Эта просьба, находившаяся в кричащем противоречии не только с хорошо ей знакомыми правилами конспирации, но и с элементарной заботой о своей безопасности, наглядно свидетельствовала о том отчаянии, которое ее охватило. Она жила в свободной стране, но сознавала всю призрачность этой свободы: ведь лубянские щупальца нашли бы ее везде. Она верой и правдой служила Сталину, но в глазах людей, чьим мнением дорожила, хотела остаться человеком, не изменившим простой порядочности и основным человеческим ценностям. Она жила сегодняшним днем, но видела себя с исторической высоты, стремясь сохранить для потомков образ жертвы романтических заблуждений, а не соучастника творящихся преступлений. Она была искренней во всех своих ипостасях, даже самых несовместимых, но для любого нормального человека такая искренность выглядела как фарисейство, и она тоже понимала это, не утратив способности видеть себя со стороны. Понимала, но отказаться от роли, которую избрала сама для себя, в состоянии не была…

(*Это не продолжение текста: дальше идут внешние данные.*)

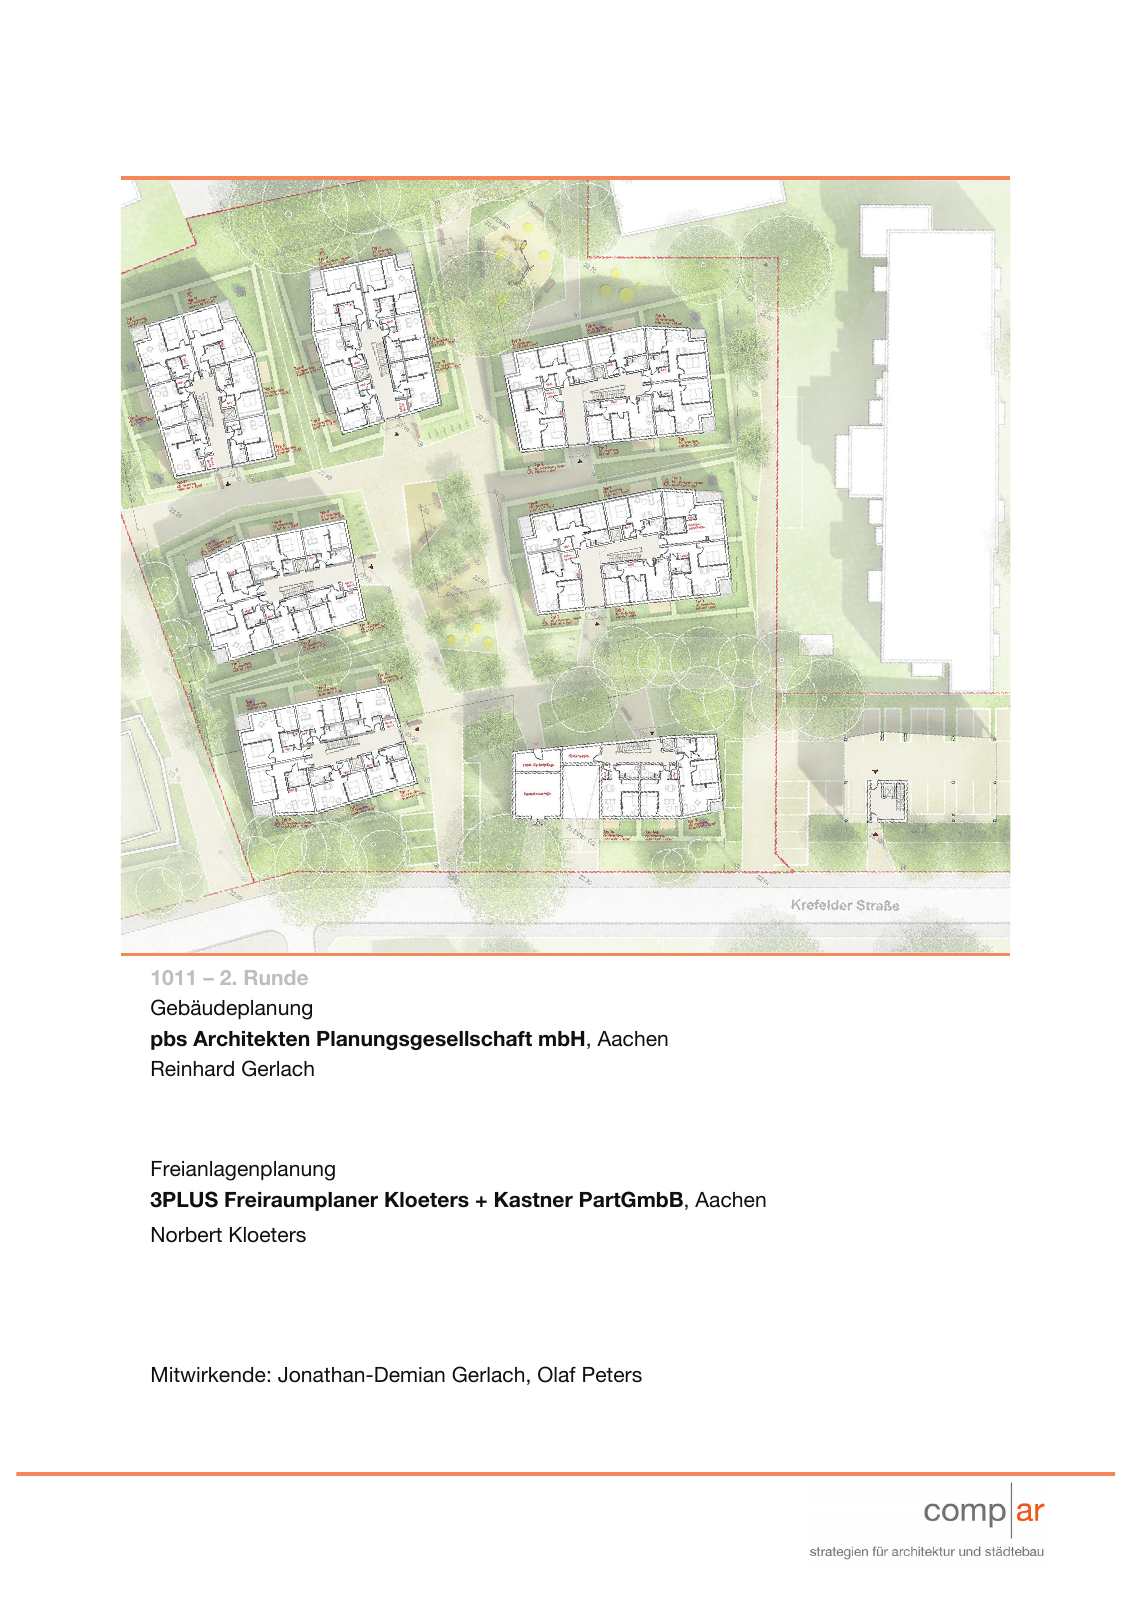 Vorschau Neubau von 100 Wohneinheiten [Nordhorn] Seite 69

Секретарь полпредства прибыл через час после бегства Боди, но дело «первостепенной важности» оказалось самым рутинным и заурядным: подписать несколько пустяковых бумаг. Коллонтай еще больше укрепилась в своем подозрении: скорее всего, из Москвы пришло указание не оставлять ее без контроля, и лубянские агенты в полпредстве не смогли найти никакого другого предлога. Но знали ли они о приезде Боди или так случайно совпало? Тревожные мысли терзали ее, но ясности не было и быть не могло.
Боди в точности исполнил ее просьбу. Добравшись в Осло через Гетеборг, он сразу же связался с лидером рабочей партии фру Грепп. На обед, который та устроила для Боди, пришел и другой лидер рабочей партии Транмель, и еще несколько норвежских друзей Коллонтай. В Париже, не имея ее поручения, но чувствуя, что она одобрила бы его поступок, он рассказал о том же в доверительной беседе с Леоном Блюмом. В отличие от норвежцев, Блюм не поверил, что Сталин ищет контакта с Гитлером. «Это неправдоподобно, — сказал он Боди. — Между ними столько антагонизма, что ни о каком союзе, даже временном, не может быть и речи». Наивный Блюм!.. Во всяком случае, Коллонтай сделала то, на что была способна. Подвергая себя смертельной опасности, она попыталась предупредить западные демократии о готовности Сталина к сговору с Гитлером. Не ее вина, если мир ее не услышал.